In my actual code, I'm using it like:在我的实际代码中,我像这样使用它:
await global.db.models.Call.update({ status: newCallStatus }, { where: { id: foundConversation.Call.id } })
When I console.log(global.db.models.Call)
, it simply outputs Call
.当我
console.log(global.db.models.Call)
时,它只是输出Call
。 However, the .update
function is there and does what it's supposed to do (a Sequelize model that updates).但是,
.update
function 在那里并且做了它应该做的事情(更新的 Sequelize model)。

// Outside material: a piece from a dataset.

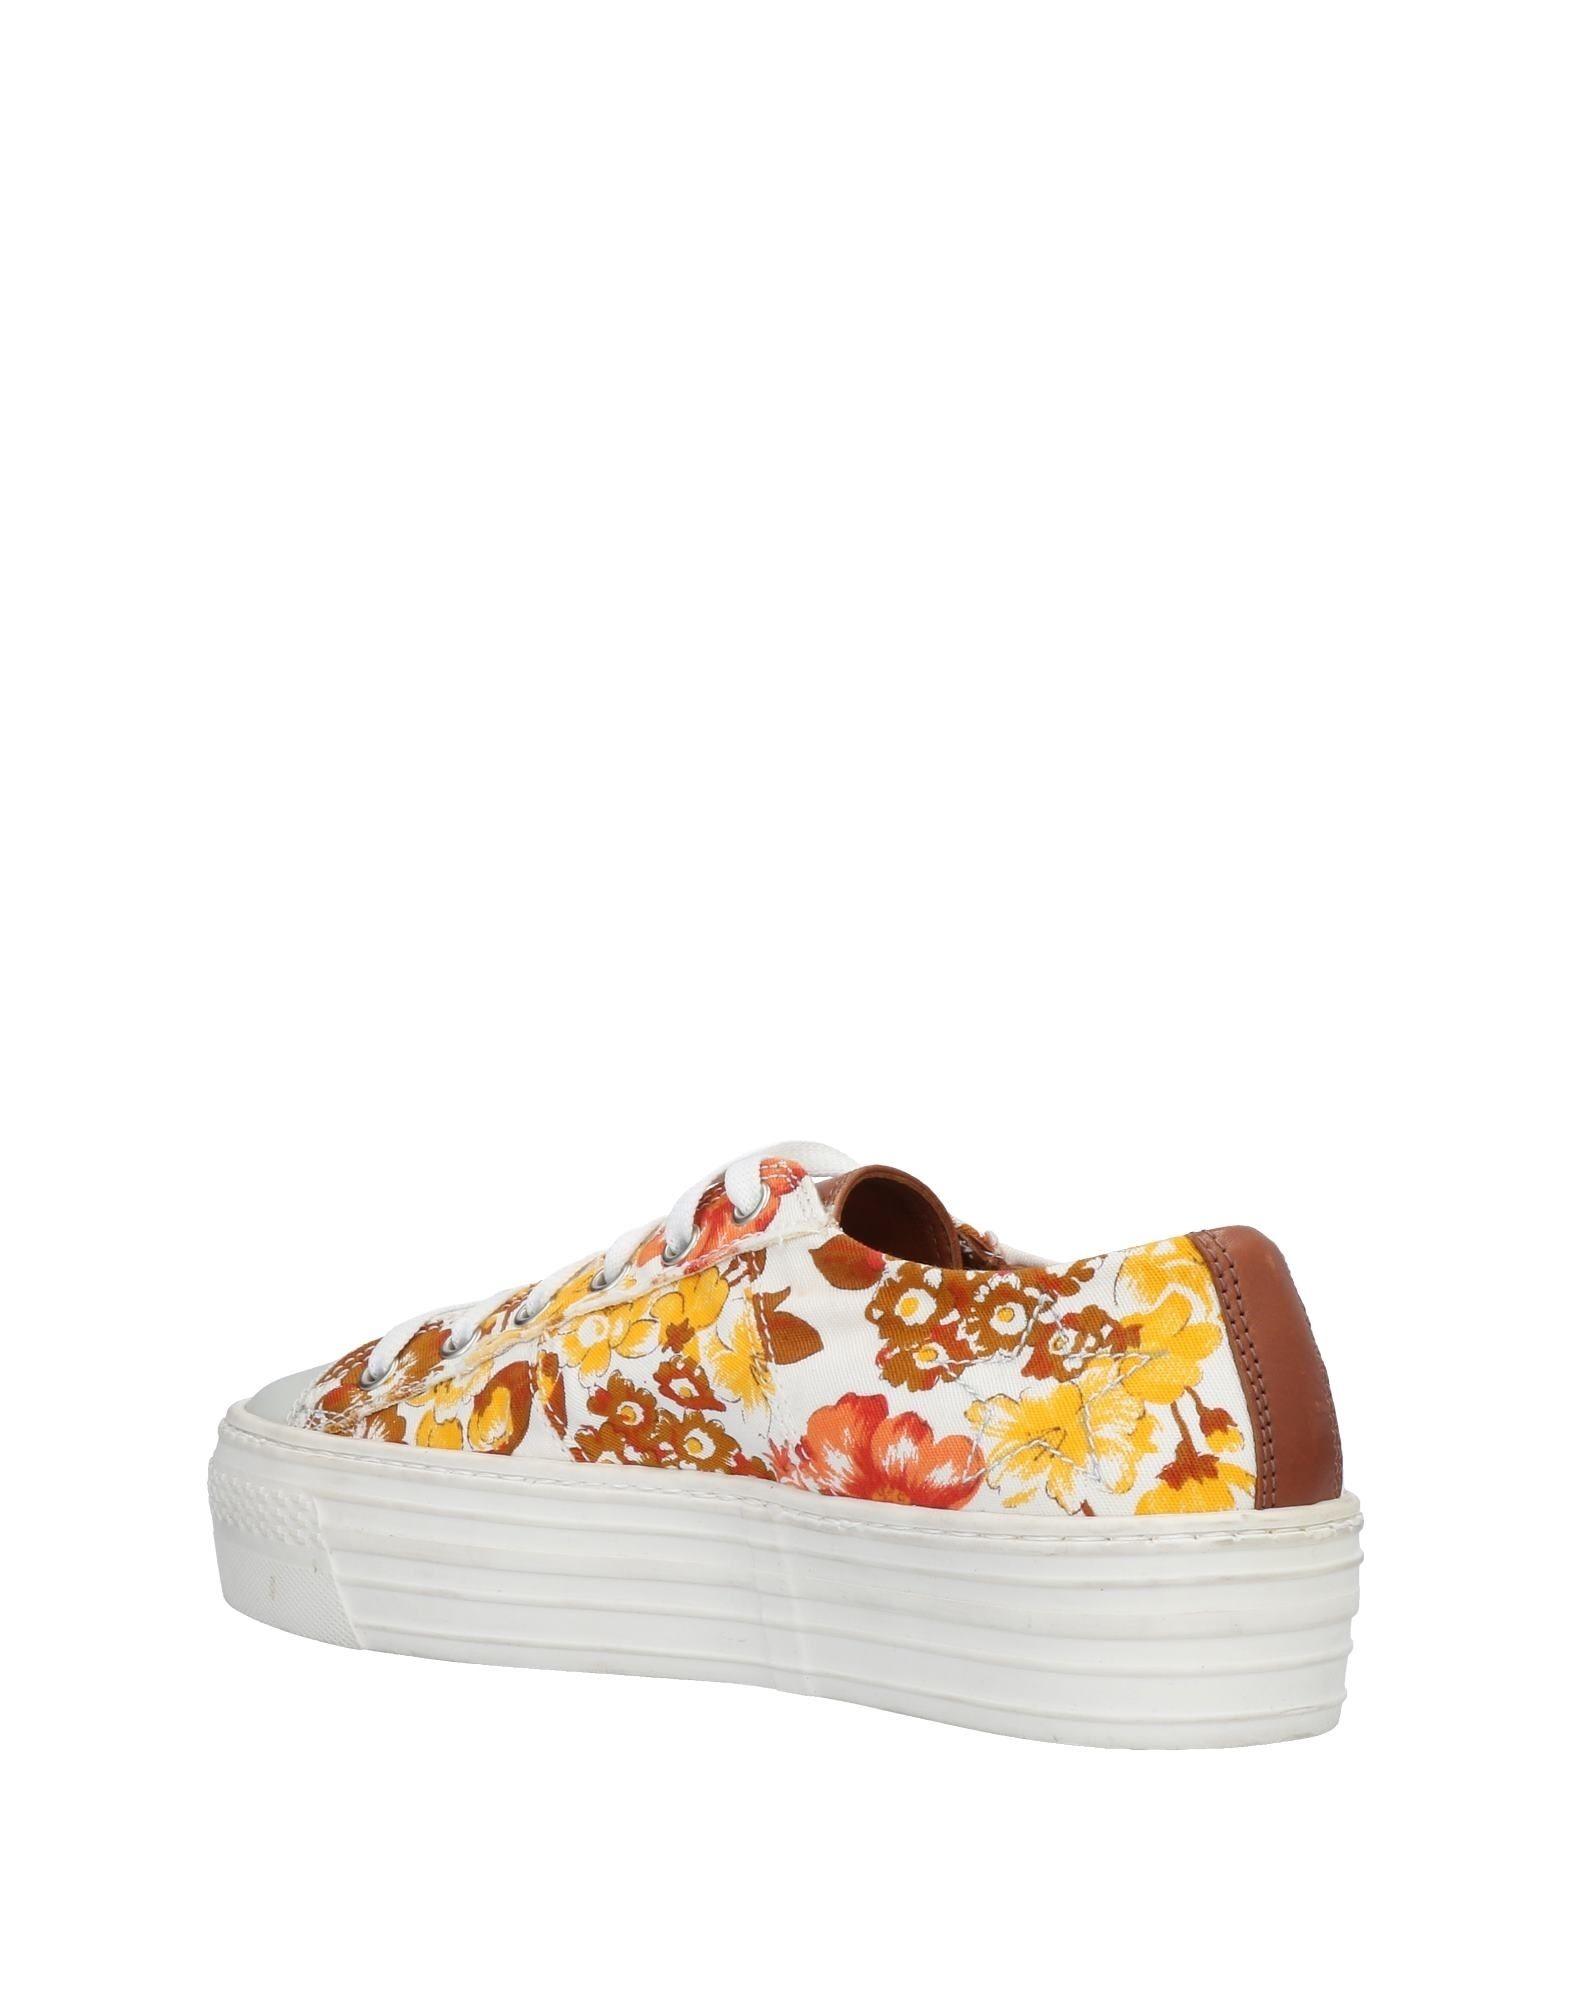 Stilvolle billige Schuhe Damen Atos Lombardini Sneakers Damen Schuhe  11491442DH 7842e4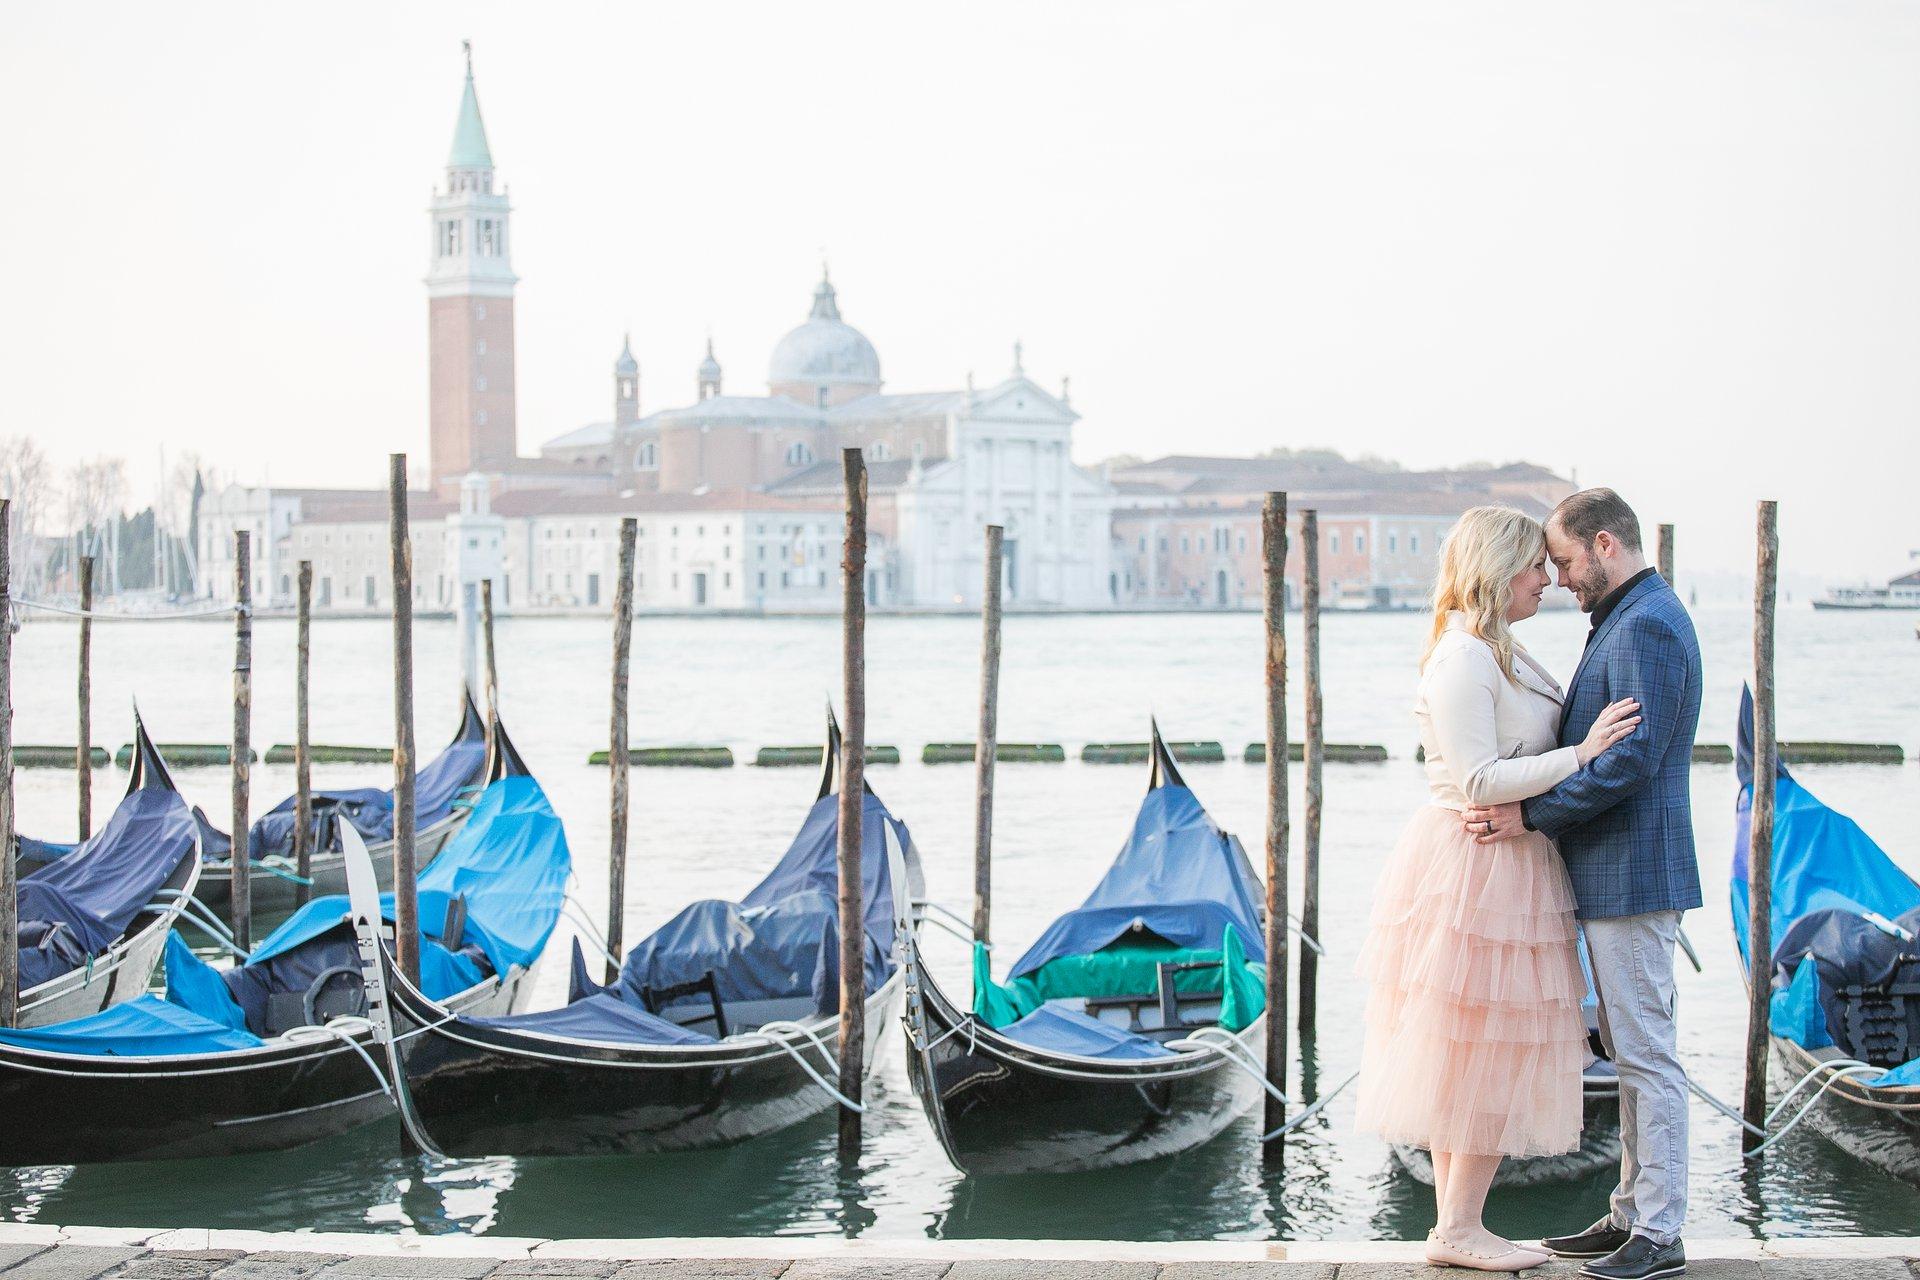 Venice-Italy-travel-story-Flytographer-15

I'm sure It's something terribly obvious, so any pointers would be greatly appreciated.我敢肯定这是非常明显的事情,所以任何指针都将不胜感激。 Thanks.
谢谢。
The sequelize model methods are defined as prototype
by the sequelize core. sequelize model 方法由 sequelize 核心定义为
prototype
。
The following should work以下应该工作
updateCallSpy = sinon.stub(global.db.models.Call.prototype, 'update').resolves(true)
You can also create a stub instance:您还可以创建存根实例:
updateCallStubInstance = sinon.createStubInstance(global.db.models.Call)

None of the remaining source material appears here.